Data:

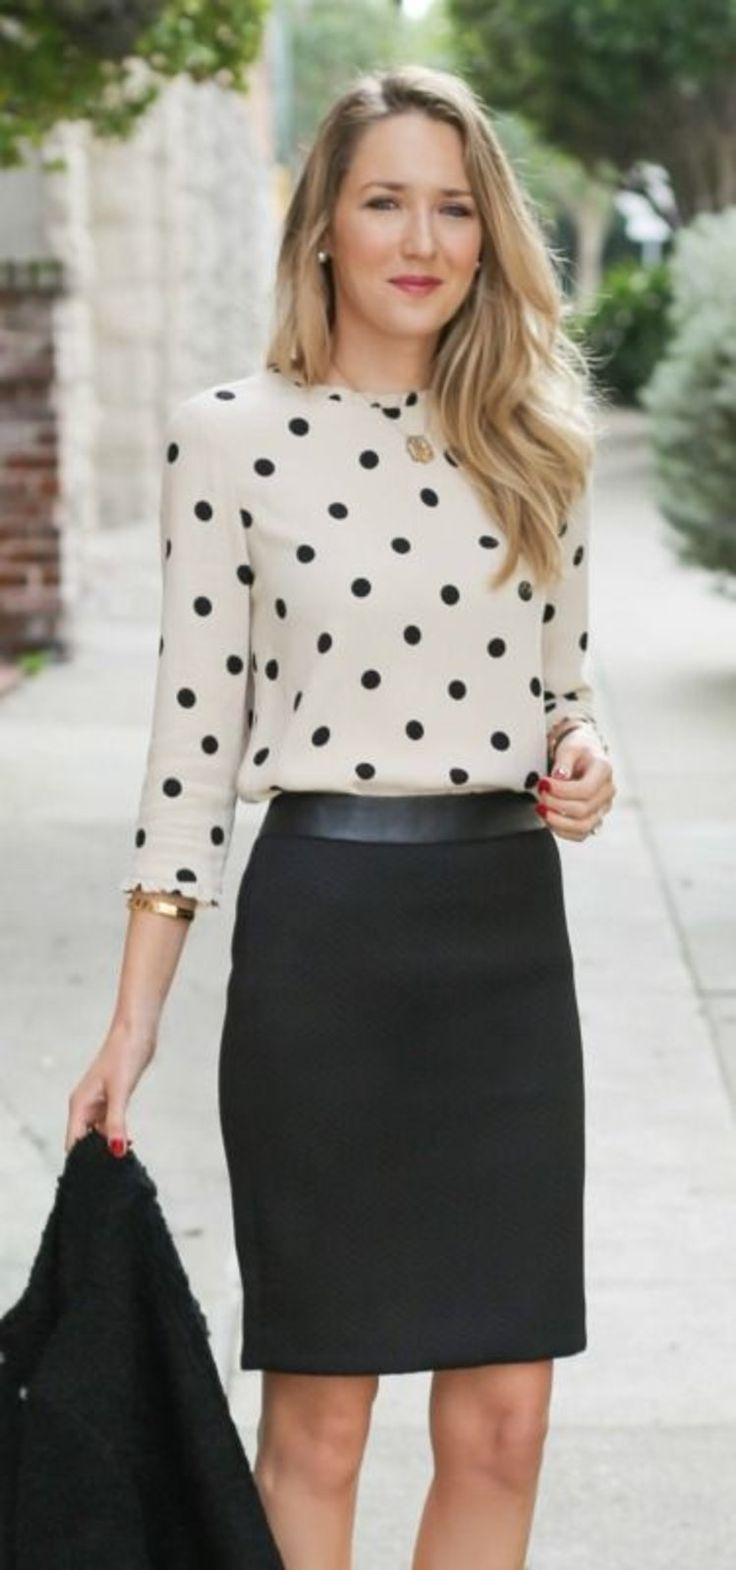 Bluzeczka w kropki - super styl
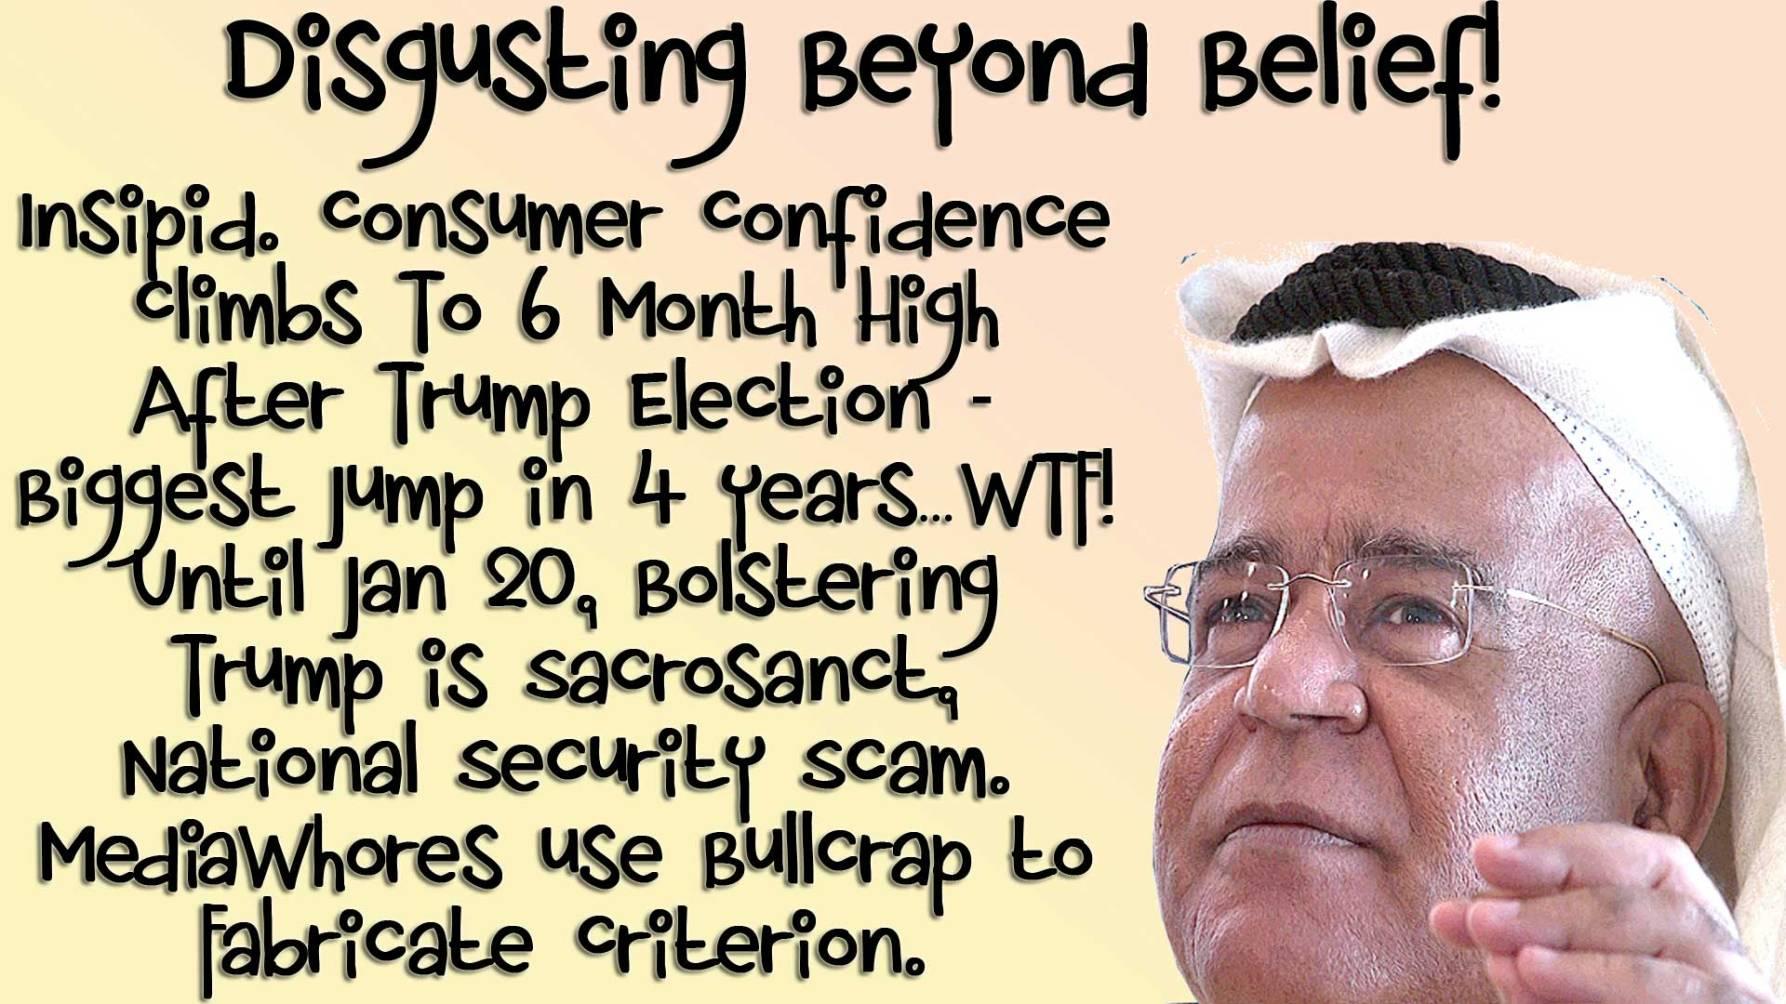 consumer-confidence-climbs
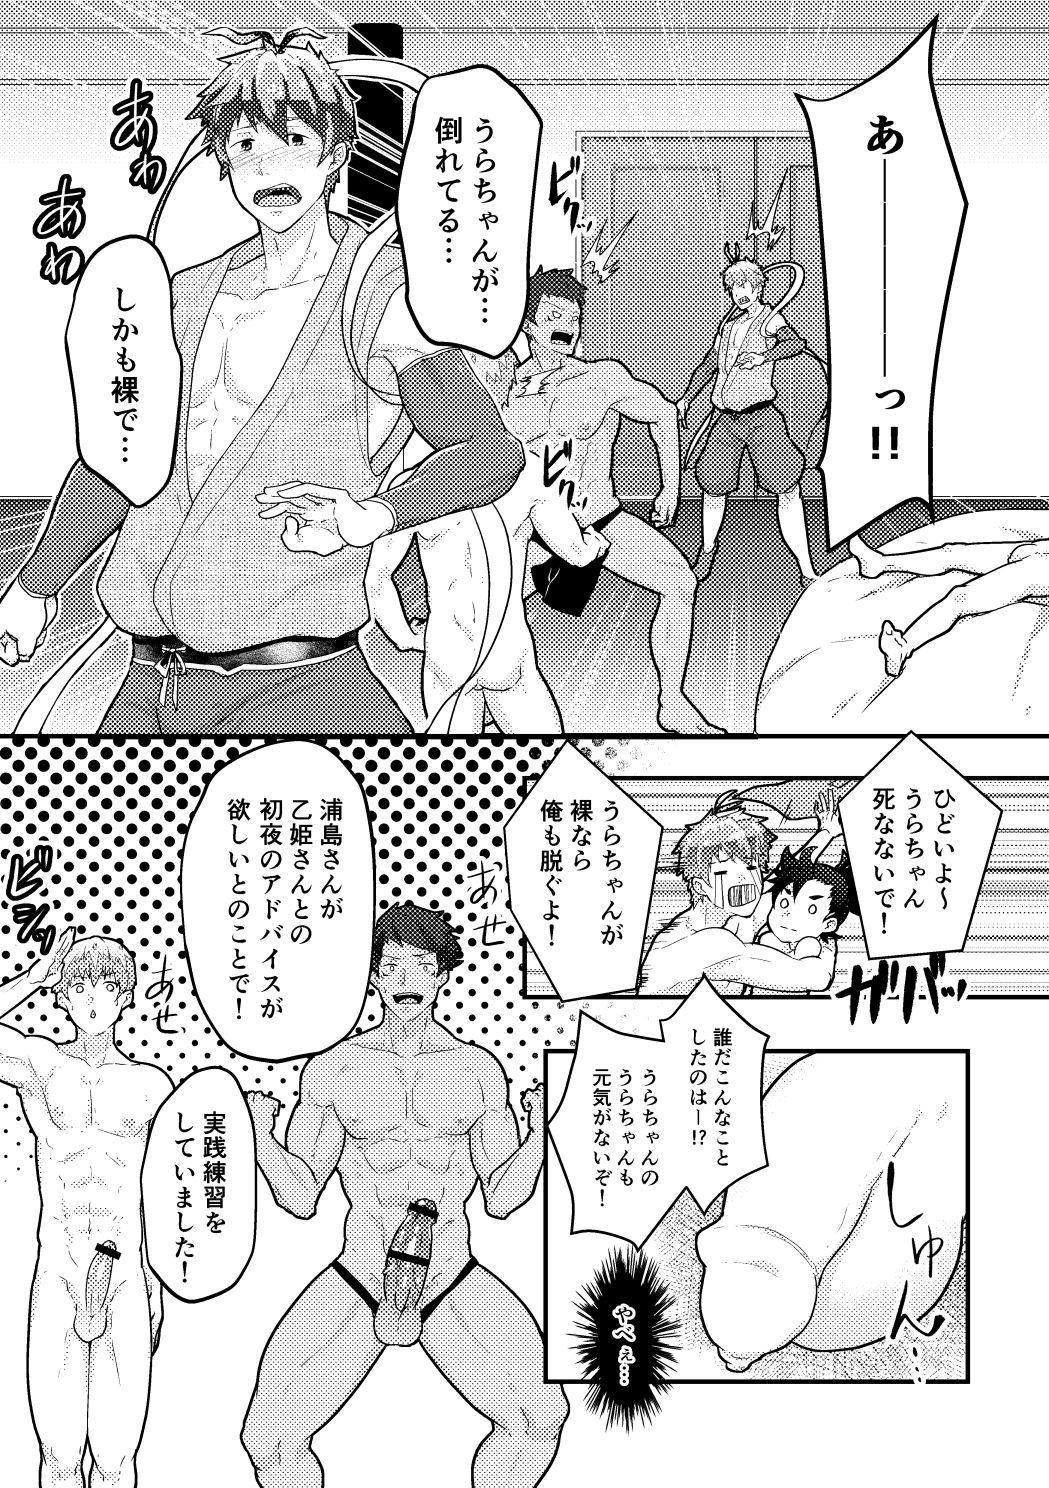 Urashimatarou 12

Work to be completed:
In your copy, the listing above should appear word for word, with no images.

Result:
 Bluzeczka w kropki - super styl
 consumer-confidence-climbs
 Urashimatarou 12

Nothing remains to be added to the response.